Directed differentiation of hPSCs to cardiomyocytes was carried out using established protocols16, followed by metabolic purification for cardiomyocyte enrichment17. At differentiation day 50, cells were dissociated with TrypLE Express (Gibco) and fixed with 1% formaldehyde followed by 90% cold methanol. Cells were washed with PBS containing 2.5% goat serum and 1% Triton-X100 (Flow Buffer) and incubated in primary antibodies against α-muscle actin (1:100; Abcam, ab32575) and cardiac troponin T (1:100; ThermoFisher Scientific, MS-295-P). Cells were washed, incubated with Alexa Fluor 488 and Alexa Fluor 633 (ThermoFisher Scientific, A21070) antibodies and washed again in Flow Buffer. Cell protein expression was analysed using an LSRFortessa flow cytometer (BD Biosciences). Directed cardiac differentiation efficiency was calculated as the percentage of cells expressing both smooth muscle actin and cardiac troponin T, as previously described16.
Traction force microscopy.
The contractility of hPSC cardiomyocytes was assessed using traction force microscopy according to established protocols41. Compliant polyacrylamide culture substrates embedded with fluorescent microbeads were polymerized onto 35-mm-glass-bottom culture dishes (Matek). In brief, the glass surface was activated with ultraviolet/ozone and functionalized with 20 mM 3-(trimethoxysilyl)-propylmethacrylate (Sigma-Aldrich) to enable covalent attachment of the polyacrylamide hydrogel. Polymerization was carried out with a solution of 10% acrylamide, 0.1% N,N′-methylenebisacrylamide, 1% ammonium persulfate, 0.1% N,N,N′,N′-tetramethylethylenediamine and 2% 1.0 μm microspheres (580/605 nm; Invitrogen, F13083) to result in a compliant hydrogel with an elastic modulus of 12 kPa42. Polyacrylamide substrates were then functionalized with N-sulphosuccinimidyl-6-(4′-azido-2′-nitrophenylamino) hexanoate to enable covalent attachment of collagen type I (100 μg ml−1; BD Biosciences).

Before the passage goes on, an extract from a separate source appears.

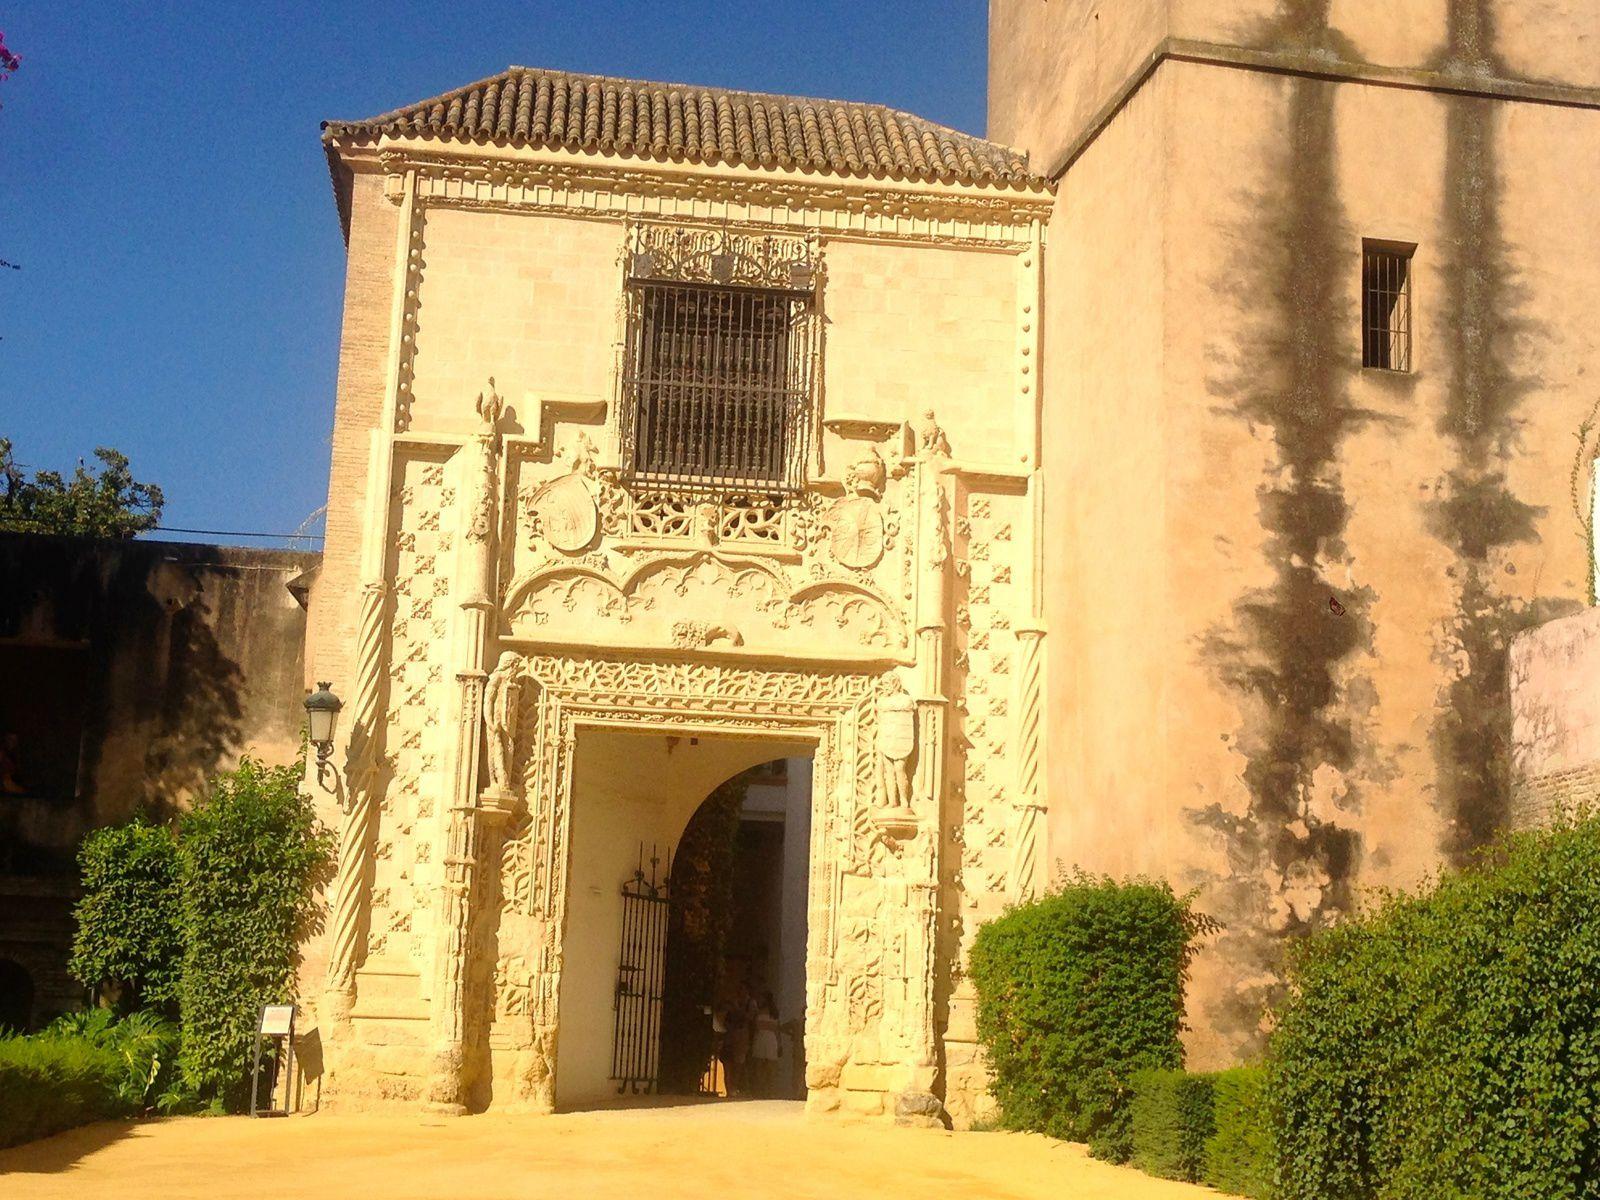 Puerta de Marchena – Porte Marchena

At differentiation day 50, cardiomyocytes were dissociated with TrypLE Express and re-plated onto polyacrylamide hydrogels at a density of 25,000 cells cm−2. After a five-day recovery period, traction force microscopy was performed using a Nikon Eclipse Ti-S inverted fluorescence microscope with a BD Carv II camera and a stage-top incubator system (Pathology Devices). With a ×60 objective, videos of the fluorescent bead movement were collected at 9.5 frames s−1 for a total of 120 frames. The bead movement during cardiomyocyte contraction was analysed using particle image velocimetry as previously described43 and cardiomyocyte contractility was reported as the mean peak strain energy averaged across all beats recorded in each video. For each cell line, between 44 and 51 cells across at least five different cardiomyocyte differentiations were analysed.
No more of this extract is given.